Friday, July 09, 2010

Anti-Pattern 23 - Make sure to not get feedback

  1. Create a website to compete with an established one.
  2. Make something bad like handling cursor/space keys in the side and alienating people using keys to navigate.
  3. Create the impression one can give input, place a feedback button.
  4. Use a form, allow the user to enter text.
  5. Make sure the submit is not just a simple submit but make it go through javascript so you can reference variables that do not exist
If you follow these steps, you are guranteed to burn money, lose busines and you will not get feedback from your customers.




Monday, July 05, 2010

Hybrid Application Example with QtWebKit

In general one of the fascinating aspects of WebKit is the focus on just being a Web Content Engine as it can be seen in the Project Goals. One of the results is that one can easily build a Web Browser around it, or embed it into a Mail Client, a Chat Client, or into your application to handle payment in amazon, display Wikipedia or similiar things.

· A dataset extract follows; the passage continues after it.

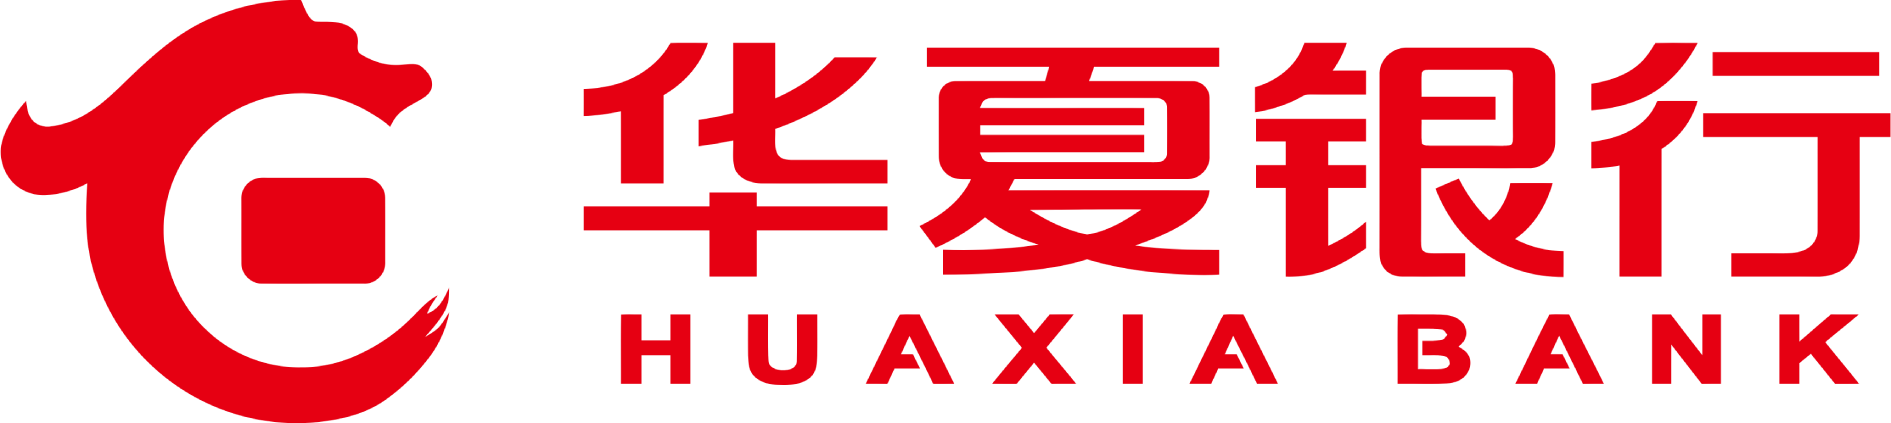 Hua Xia Bank logo large (transparent PNG)

On the other hand it is possible to embed native widgets into the Web Content using WebKit/GTK+ and QtWebKit, or use the JavaScript Engine API to bind native objects into the JavaScript world. I have started using the moiji-mobile.com name to push WebKit usage for these kind of hybrid applications. I am going to create examples showing how to create applications using QtWebKit, how to deploy them on real hardware, howto handle content development on mobile devices and more.

The first part of this series is a simple example of what could be a SIP based desk telephone using QtWebKit and native technology. In this example I am embedding QObjects to provide information normally not available in the Web, I embed a QWebView inside the content to provide a browser and I am painting on top of the HTML content from the QWebView to provide touch feedback and the code can be found in my git repository.